Bu hikaye anlatılırken gecenin nasıl geçtiğini anlayamadık derken konu konuyu açar misali oturanlardan sait amca diye biri hemen başından geçtiğini iddia ettiği bir olayı anlattı.  Sait amca  anlatırken biz daha  beter  korku girdabına  gömüldük; Sait amca bizim köyümüz ile Söğütlü köyü arasında bulunan ve hiç  tekin olmayan bir dereden bahsetti.  Bu dere  cıvarında  cinlerin ini olduğu ve insanlar buradan geçerken  cinler bu  insanların karşısına hayvan veya yaşlı insan kılına girerek çıkarmış. Bizim eskiden beri  Xuli kork dediğimiz Bu dereye uğramadan başka yerden  geçmek için yolu  en az iki kilometre uzatmak gerekir. Ya bu dereden geçeceksin yada  yolunu uzatacaksın. Sait amca  o anda ortama hakim olan  korku  psikolojisi içindeki bizlere  hava atarcasına  başladı anlatmaya.
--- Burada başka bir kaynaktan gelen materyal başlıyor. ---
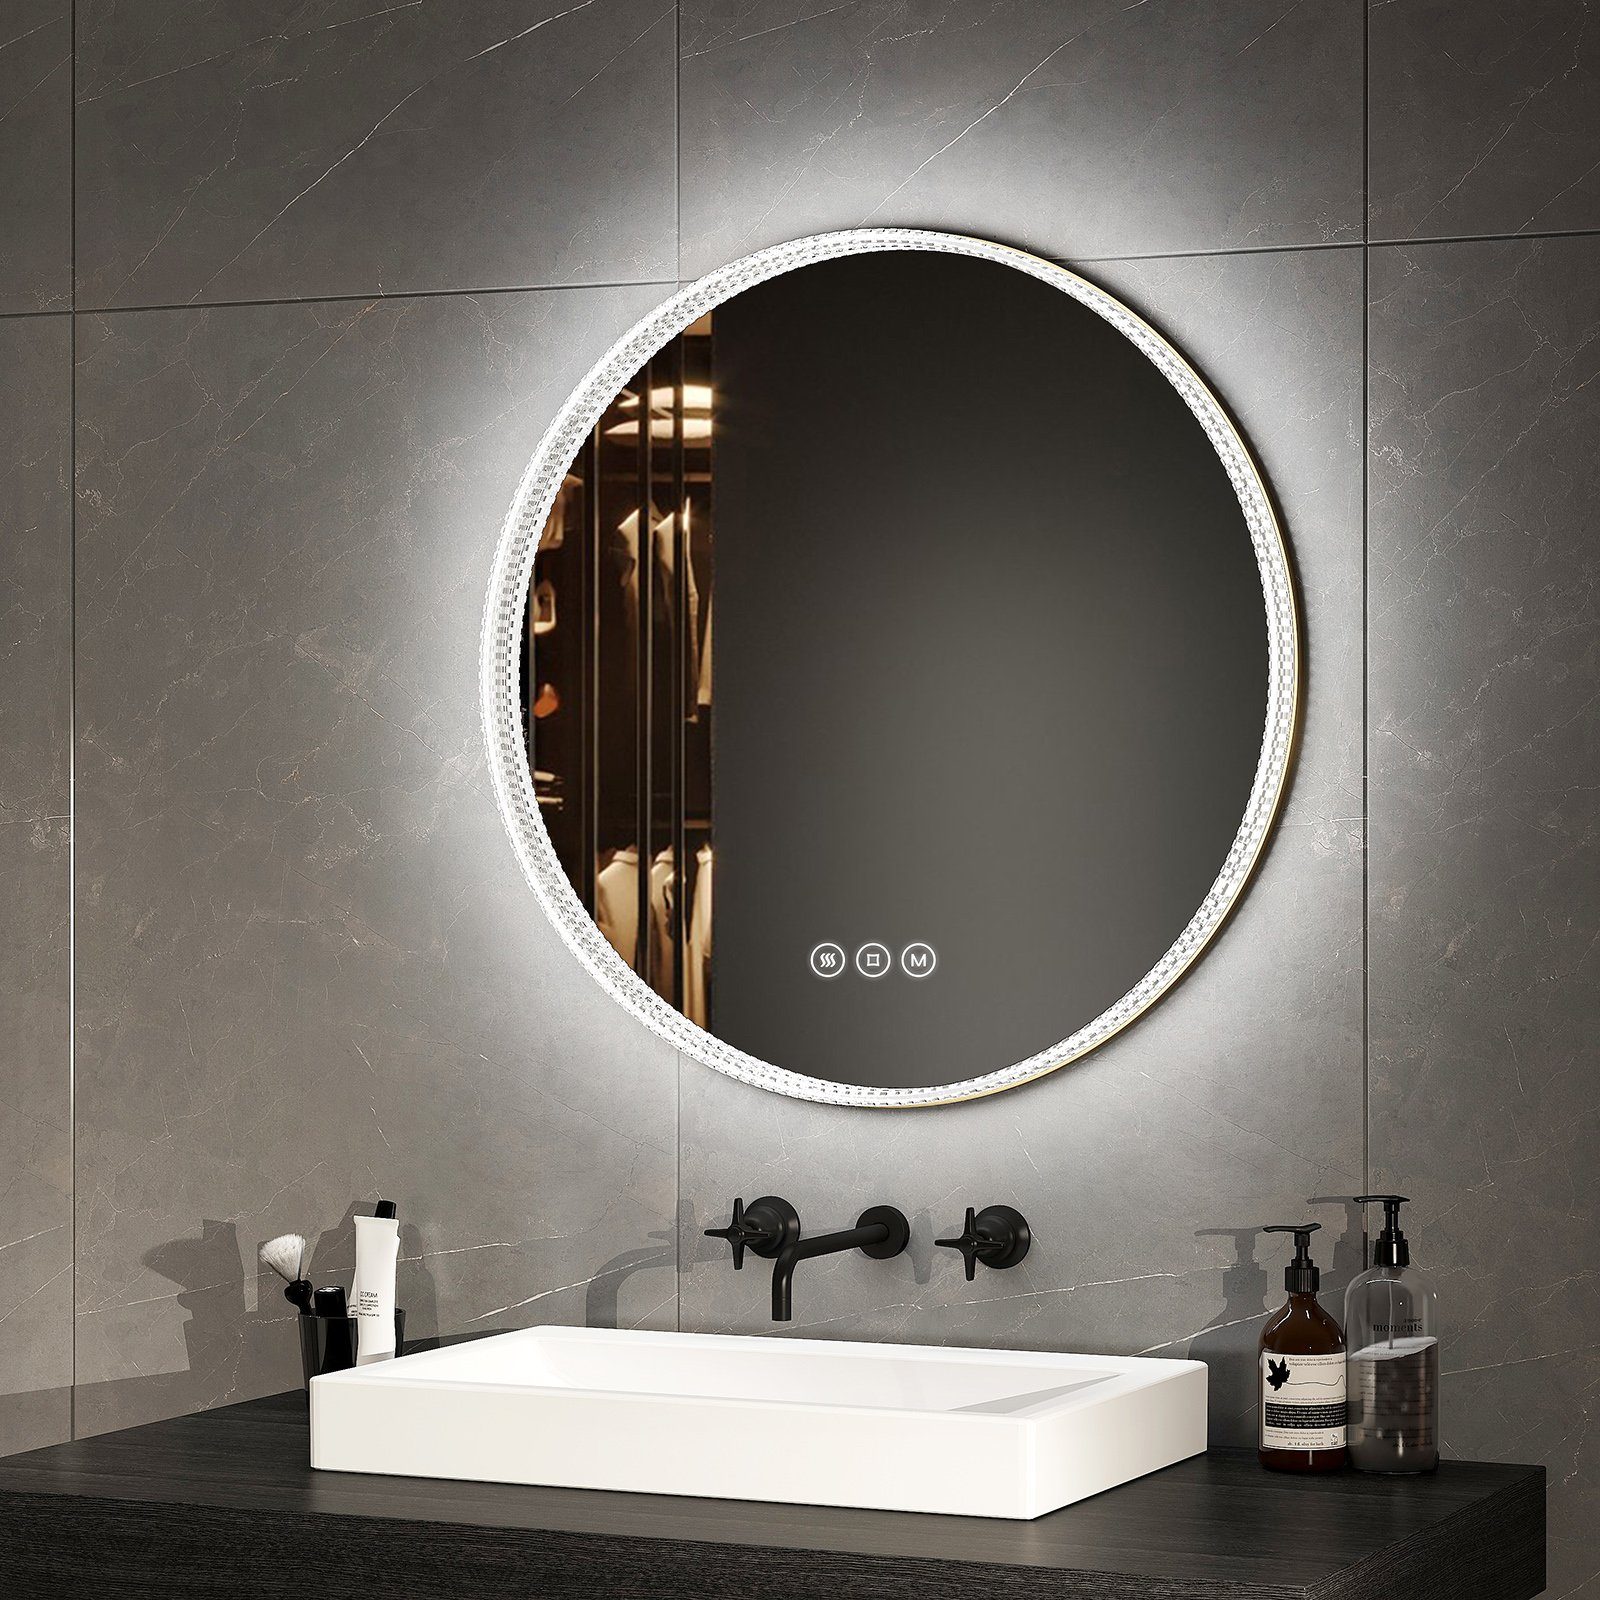 EMKE Badspiegel 60 cm LED Badezimmerspiegel 3 Lichtfarben Acryl Rahmen Spiegel, Wandspiegel mit Touch, Antibeschlage,Dimmbar, Memory-Funktion Goldener Rand

 Diyorki; bir gece ben söğütlüden  geliyorum geldim  bahsi geçen  dereyi  tam geçecektim ki baktım ay ışığında bir keçi yavrusu yolun ortasında duruyor  hemen eğildim aldım onu atımın terkisine yola devam ettim. O anda bizde içimizden sait amca ne kadar cesaretli, gündüz geçmeye cesaret etmediğimiz dereden gece geçiyor diye düşünürken , Sait Amca devam etti ve dediki vallahi billahi  keçiyi atımın terkisine aldıktan sonra merak ettim acaba erkek mi dişimi diye ve elimi  hayvanın apış aralarına götürdüğümde hayvan bana dönüp “Merıf desté xwe nade héliké caméra” Yani anlamı şudur; “İnsan erkek adamın  hayalarını ellemez” yemin ederim  o anda hayvanı atımın terkisinden atıp köye kadar at sürerek arkama bakmadım ve bir daha da gece  oradan yalnız geçmedim. Gündüz geçtiğimde  mutlaka yanıma biri olurdu. Diye hikayesini bitirirken Dedemin  Babama  yıllar önce  Erivanda iken anlattığı bir hikaye geldi;

Hikaye şöyle idi; Dedem Ervanda yaşarken yazın Elegez dağına yaylaya giderlerlermiş, Ve köyde  yaz boyunca bir kaç hizmetçi veya yaşlıdan başka kimse kalmazmış. Dedem bir gün yayladan köye  bir iş için gelmiş  , evin kapısını açarken  öğle vakti damdaki kulek dediğimiz bacadan güneş ışığı  ortalığı  aydınlatmış ancak giriş ve odanın   kenar kısımları biraz karanlıkmış; dedem demişki baktım karanlık köşede   bir çocuk ayakta duruyor. Beyaz kıras dediğimiz uzun bir gömlek varmıdı üstünde dik dik bana bakıyordu.  kimsin diye sorduğumda  cevap vermedi.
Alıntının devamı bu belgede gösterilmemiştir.